Changelog

oven-sh/bun · March 2026 · 175 commits

Bun adds WebView, cron, and a major build-system overhaul

March brought new runtime APIs, a TS-based build pipeline, and broad hardening across networking, crypto, filesystems, and parsers.

Major runtime additions: cron jobs and WebView

Bun shipped two notable APIs this month. Bun.cron adds first-class OS-level cron registration, removal, and cron-expression parsing. Bun.WebView landed as a built-in browser automation surface with WebKit and Chrome backends, later growing EventTarget support, richer screenshots, and a raw cdp() escape hatch.

Build system overhaul: CMake out, TypeScript in

The repository’s build pipeline was replaced with a TypeScript-based ninja generator, and the legacy CMake path was removed near month-end. This touched CI, dependency handling, compile/link steps, and related tooling, making it the biggest infrastructure shift of the month.

Security and memory-safety hardening across the runtime

A large early-month push closed multiple crash and exploit-class issues: path resolution buffer overflows, TLS handshake and certificate-verification crashes, writeEarlyHints() header injection, WebSocket handshake validation, zlib bounds checks, shell interpolation edge cases, and several invalid-this/detached-buffer crash paths in crypto, FFI, streams, and other native bindings.

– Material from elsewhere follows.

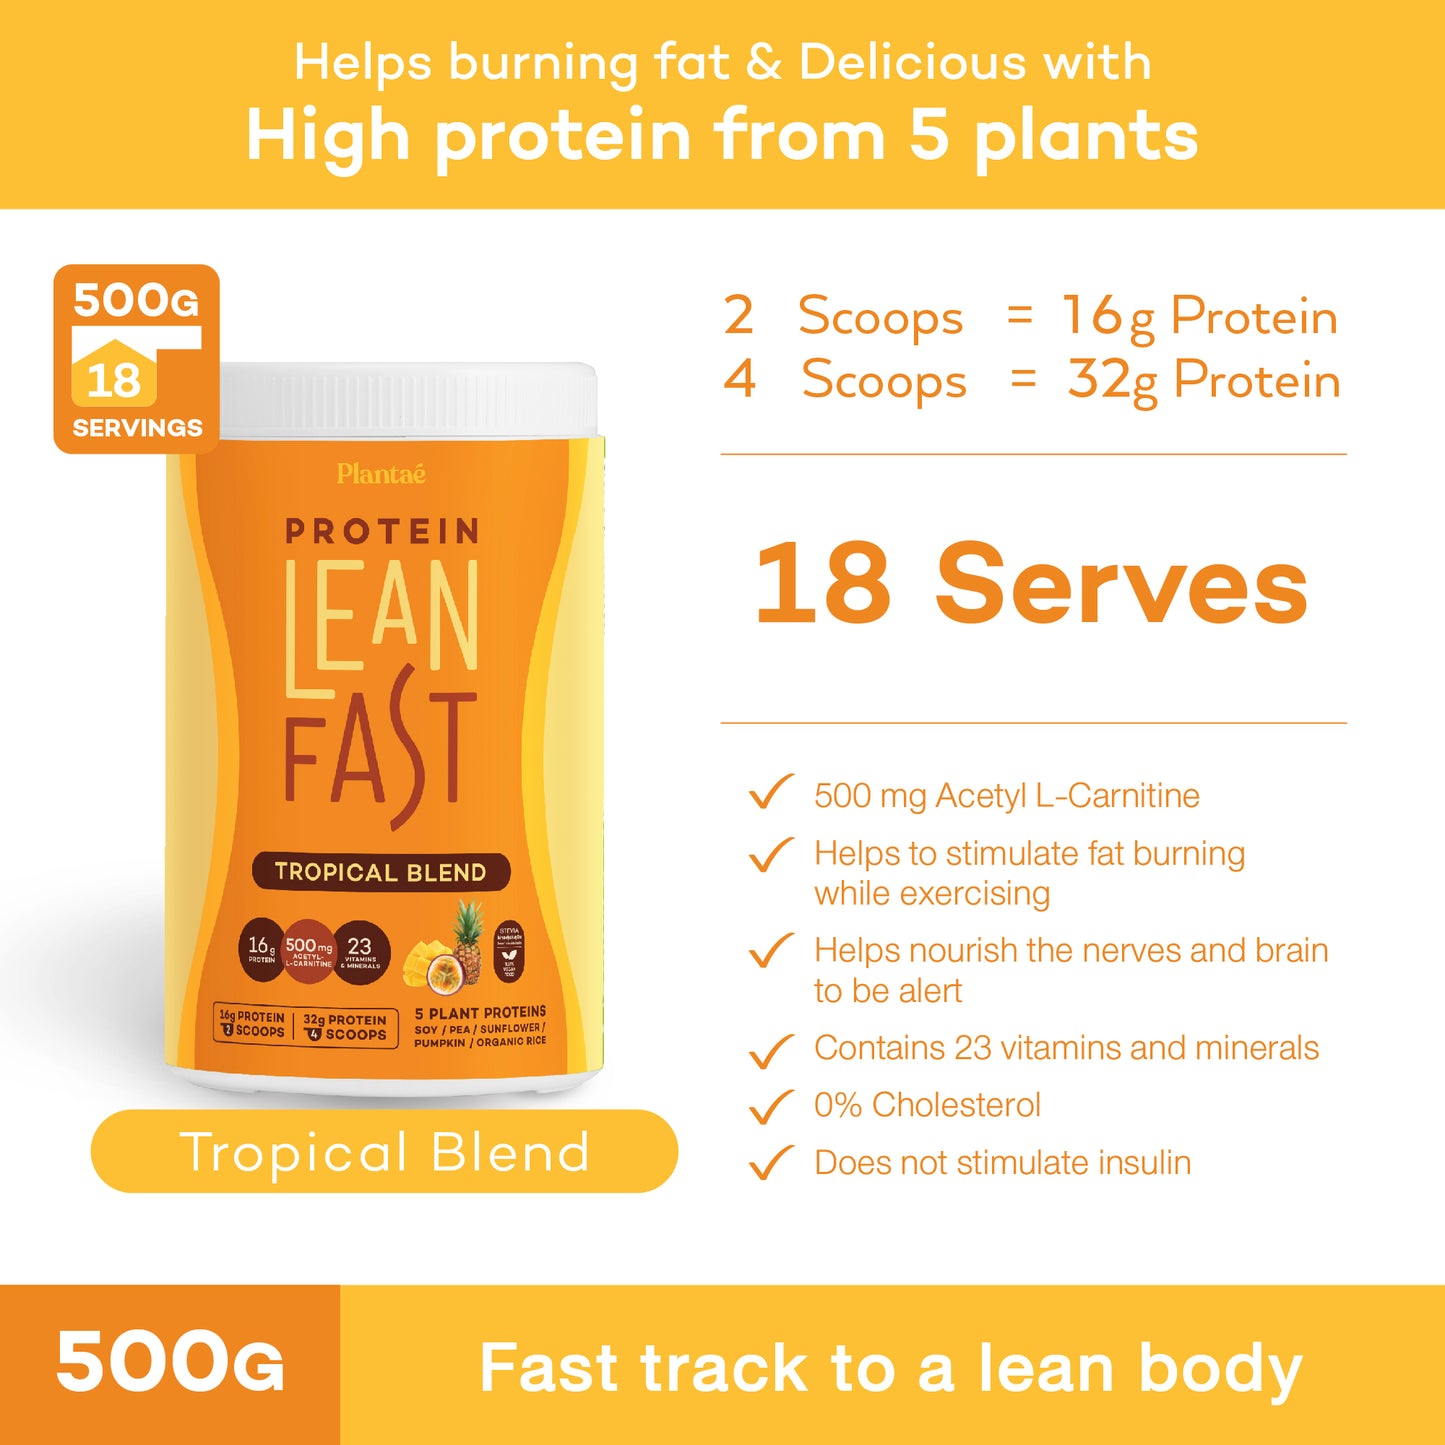 Plantae Lean Fast Fat Burning Protein Powder 500G

Later fixes also covered abort-related leaks, GC cycles, and a MySQL query leak.

Networking and HTTP got materially more correct and resilient

HTTP and socket handling saw broad fixes: chunked-transfer parsing across split CRLF boundaries, HTTP/2 settings compatibility, proxy-tunnel 304 handling, HTTPS proxy tunnel pooling, Linux TCP_DEFER_ACCEPT, signal listener cleanup, dgram reuse-port behavior on macOS, WebSocket protocol/ping-pong correctness, and safer fs.watch()/watcher path handling. Bun also improved TLS hostname verification with custom DNS lookup and refreshed its root CA bundle.

Bundler, transpiler, and packaging behavior improved

Bundling grew a new --allow-unresolved path for non-literal imports/requires, fixed several barrel-export and dynamic-import propagation bugs, and stopped dropping HTML-referenced assets from manifests. The transpiler and package pipeline also got fixes for cache hashing, TS config lifetime, decorator parsing, String.raw null-byte preservation, and pack/publish metadata refresh after lifecycle scripts.

Platform-specific correctness fixes

Windows and Linux both saw important repair work: Windows async file reads, UTF-8 path handling, numeric fs.open flags, realpath/readlink null-pointer guards, ARM64 shims, dynamic CRT leakage, and fs.watch retry crashes; Linux got safer stdin/blob sizing, watcher CPU-spin fixes, and faster accept handling. Standalone Linux binaries now use an ELF section for embedded graphs instead of /proc/self/exe.

Other misc changes

Docs expanded for TOML, CSRF, and cron; test infrastructure was deflaked and upgraded in several spots; SQL got better parameter-limit handling and MySQL capability negotiation; URLPattern, globbing, and buffer search methods were optimized; and a number of small CI, baseline, and fixture updates landed.